Dates and venue
- Semi-final 1: 19 December 2024;
- Semi-final 2: 20 December 2024;
- Nostalgia night: 21 December 2024;
- Final: 22 December 2024;
- Venue: Palace of Congresses Tirana, Albania

Production
- Broadcaster: Radio Televizioni Shqiptar (RTSH)
- Director: Redi Treni
- Artistic director: Elhaida Dani
- Festival Director: Aurora Polo
- Presenters: Enkel Demi; Ornela Bregu;

Participants
- Number of entries: 30
- Number of finalists: 15

Vote
- Voting system: Semi-finals: 100% jury vote; Final: approx. 73% jury vote, 13% diaspora's votes, 14% SMS voting;
- Winning song: "Zjerm" by Shkodra Elektronike

= Festivali i Këngës 63 =

63rd edition of Festivali i Këngës

Festivali i Këngës 63 was the 63rd edition of the annual Albanian music competition Festivali i Këngës, organised by Radio Televizioni Shqiptar (RTSH). It was held between 19 and 22 December 2024 at the Palace of Congresses in Tirana, and it was hosted by Enkel Demi and Ornela Bregu. The winner was Shkodra Elektronike with "Zjerm", therefore becoming the contestant that represented Albania in the Eurovision Song Contest 2025.

== Format ==

The 63rd edition of Festivali i Këngës was organised by Radio Televizioni Shqiptar (RTSH) took place from 19 to 22 December 2024. The contest consisted of two semi-finals on 19 and 20 December, followed by a nostalgia night on 21 December and conclude in the grand final on 22 December. The four live shows were hosted by Enkel Demi and Ornela Bregu, and held at the Palace of Congresses in Tirana, Albania.

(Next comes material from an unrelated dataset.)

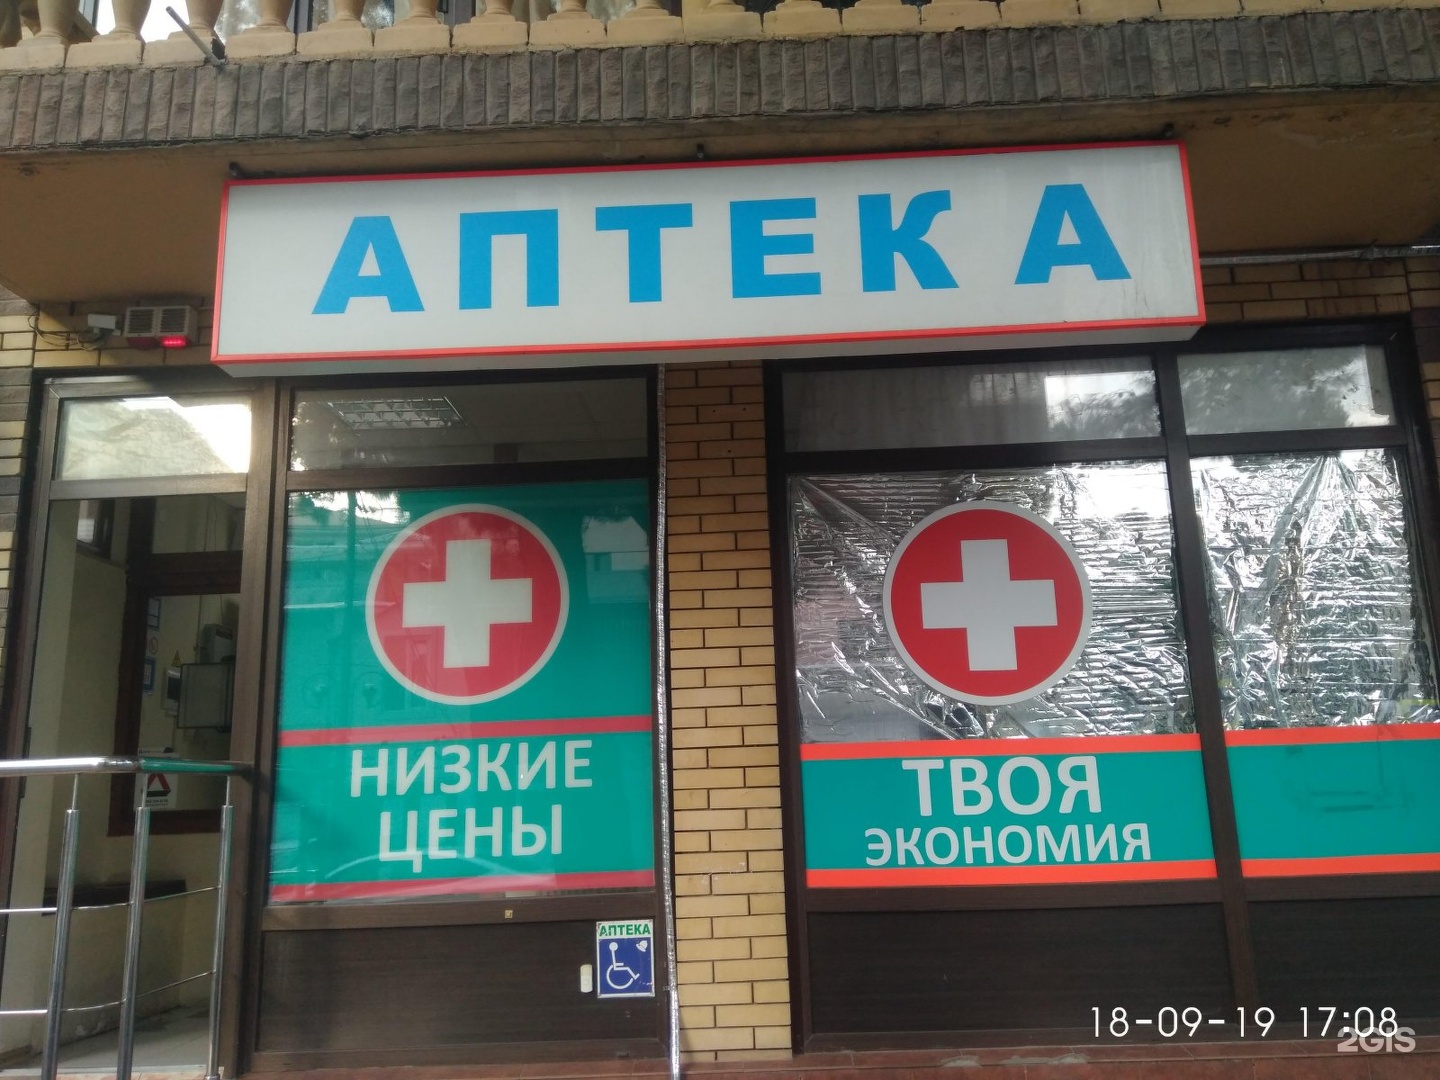 Сайт аптек анапы. Аптека твоя экономия. Круглосуточная аптека Анапа. Анапа социальная аптека на Крымской. Аптека твоя экономия фото.
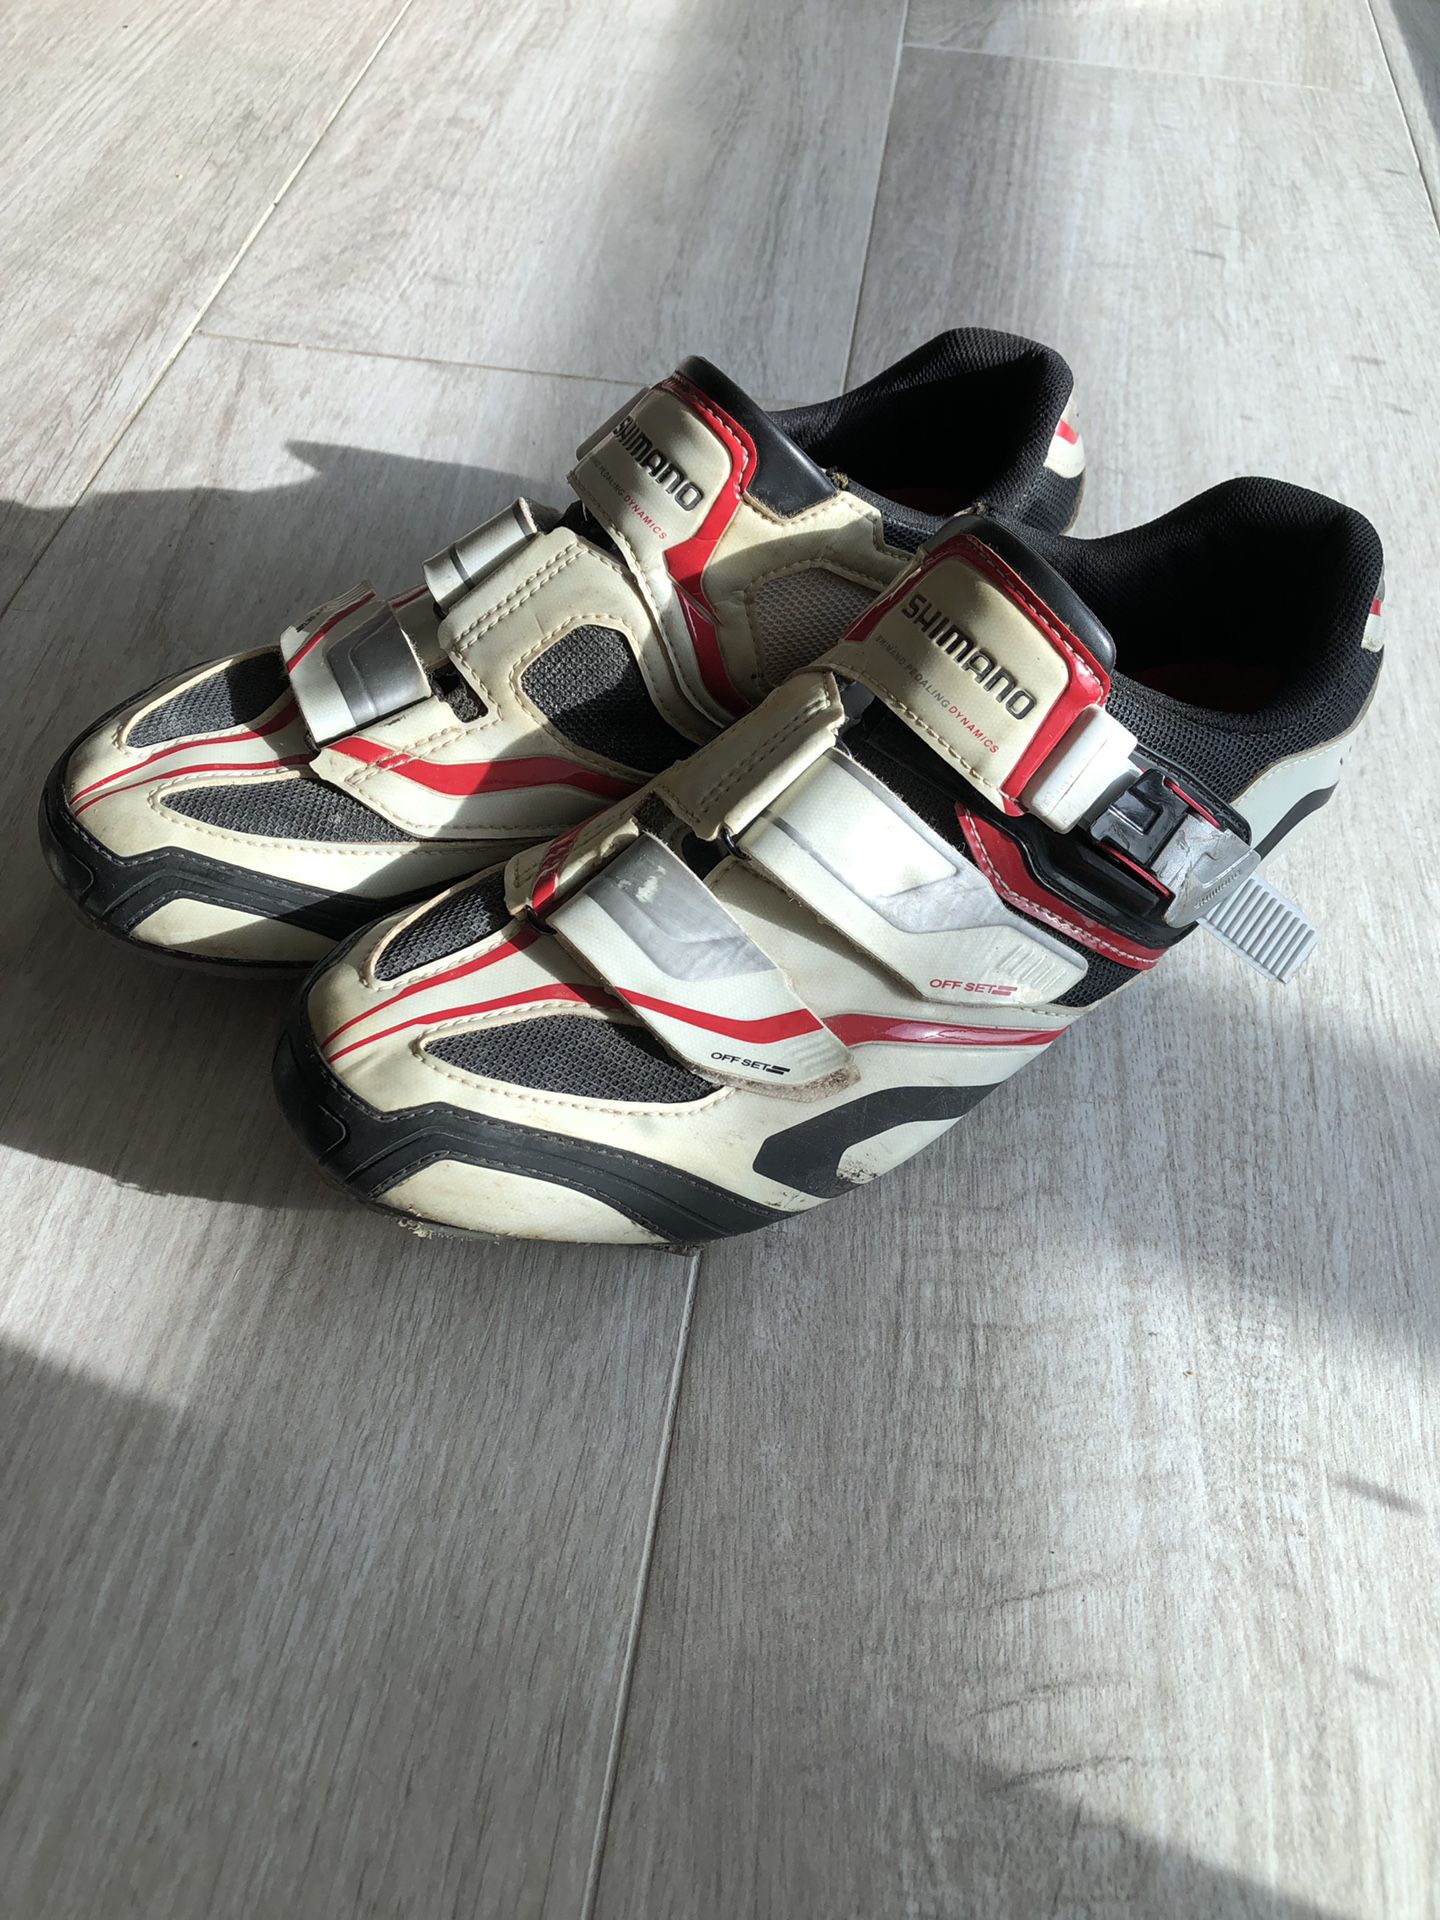 Shimano cycling shoes size 11-1/2

In June 2024, Albanian singer Elhaida Dani, who won the 53rd edition of Festivali i Këngës, was announced as the artistic director of the contest.

=== Voting ===

For the 63rd edition of Festivali i Këngës, a professional jury chaired by Zana Çela, with members Ylljet Aliçka, Alma Bektashi, Florent Boshnjaku, Jonida Maliqi, Merita Rexha Tërshana, and Ramona Tullumani, assessed 30 contestants over the two semi-finals. The jury selected the 15 finalists for the grand final, with the final result determined by both a jury and televoting. After the finalists were announced during the nostalgia night, voters from abroad were able to vote through an online platform, with the votes cast there being entitled the "diaspora's votes". In addition to the diaspora's votes, voters from Albania and Kosovo cast their votes via SMS, with each voter allowed to vote up to five times for their preferred artist's code. In the final, all 7 members of the jury awarded 12, 10 and 8–1 points to their 10 favourite songs, with SMS voting and online voting proportionally awarding 80 and 70 points, respectively.

== Contestants ==

RTSH initiated an application period for artists and composers interested in participating in the 63rd edition of Festivali i Këngës from 27 to 29 September 2024. At the closing of the submission period, 85 entries had been received. A total of 30 artists appeared on the provisional list of artists selected to compete in the festival, which was published on 7 October. The titles of their songs were revealed in batches between 21 October and 15 November.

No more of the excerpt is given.